Interesting.
WASHINGTON -- The Supreme Court on Monday turned aside an appeal by a Mexican citizen on death row in Texas who contended he and 50 other Mexicans should have their death sentences overturned because they were improperly denied legal help from their consulates in violation of international law.
In an unsigned decision, justices dismissed as premature the case of Jose Medellin, who argued he was entitled to a federal court hearing on whether his rights were violated when a Texas court tried and sentenced him to death in 1994 on rape and murder charges without consular access. The court cited a last-minute maneuver by President Bush ordering state courts to revisit the issue, making Supreme Court intervention unnecessary at this time. It reserved the right to hear the appeal again once the case had run its full course in state court.
"In light of the possibility that the Texas courts will provide Medellin with the review he seeks," the opinion stated, "we think it would be unwise to reach and resolve the multiple hindrances to dispositive answers to the questions here presented." [...]
Most Court watchers had thought that the Court would take up the case, not because they disagreed with the administration's action, but because doing otherwise is to allow the executive branch an unusual amount of discretion in determining what the judicial branch will do with cases already in process.
...In a signed dissent, Justice Sandra Day O'Connor said she would have ordered the federal courts to review the important issue of whether international law should be binding on the U.S. courts.

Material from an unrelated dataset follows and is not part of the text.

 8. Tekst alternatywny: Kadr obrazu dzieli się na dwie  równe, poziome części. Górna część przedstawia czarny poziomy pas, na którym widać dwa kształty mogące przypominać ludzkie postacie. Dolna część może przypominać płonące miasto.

The Supreme Court should not refrain from intervening in a case because of Bush's last-minute action and the mere possiblity Medellin might receive relief in the state courts, she wrote in an opinion joined by Justice John Paul Stevens, David H. Souter, and Stephen G. Breyer.
In other words, it was a 5-4 decision for dismissal, with O'Connor on the losing side, for the second time in as many 5-4 decisions. Somewhat unusual, these days. It's also a somewhat unusual five-judge majority, with Ginzburg siding with the more conservative justices.

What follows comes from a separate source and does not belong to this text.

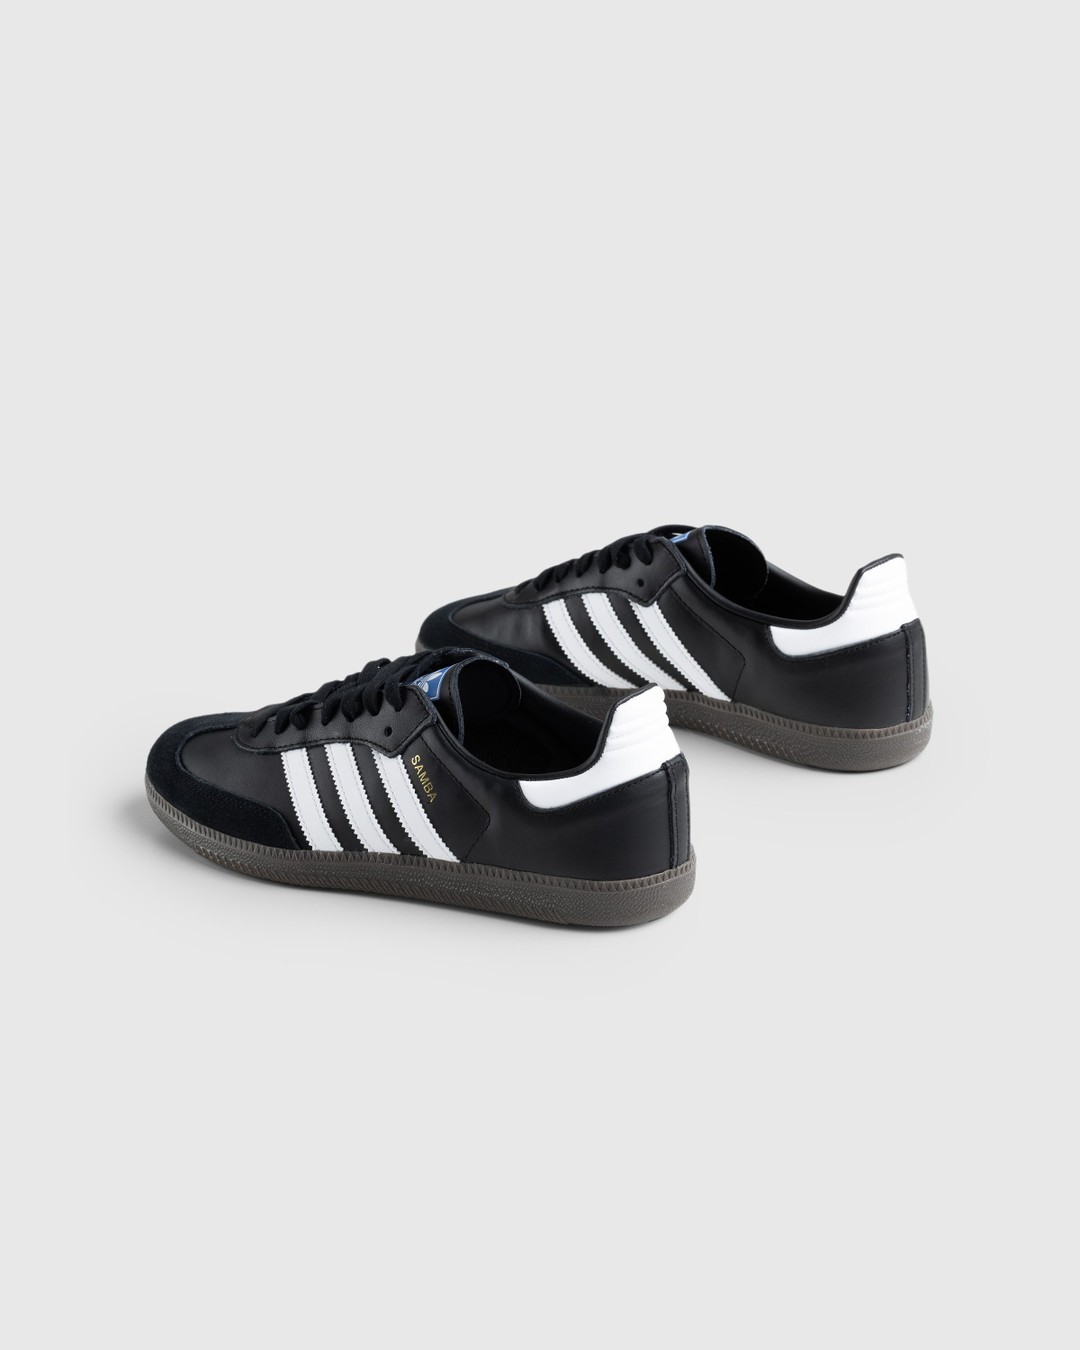 Adidas – Samba OG Black/White/Gum | Highsnobiety Shop

The truly puzzling thing is why the merits of this case aren't being heard. Normally, it takes only four justices to grant certiorari; having a majority for dismissal wouldn't normally seem dispositive. With a four-justice dissent saying that they thought the case should be heard, it would seem that technically, certiorari was granted, and then the case was immediately dismissed as "certiorari improvidently granted".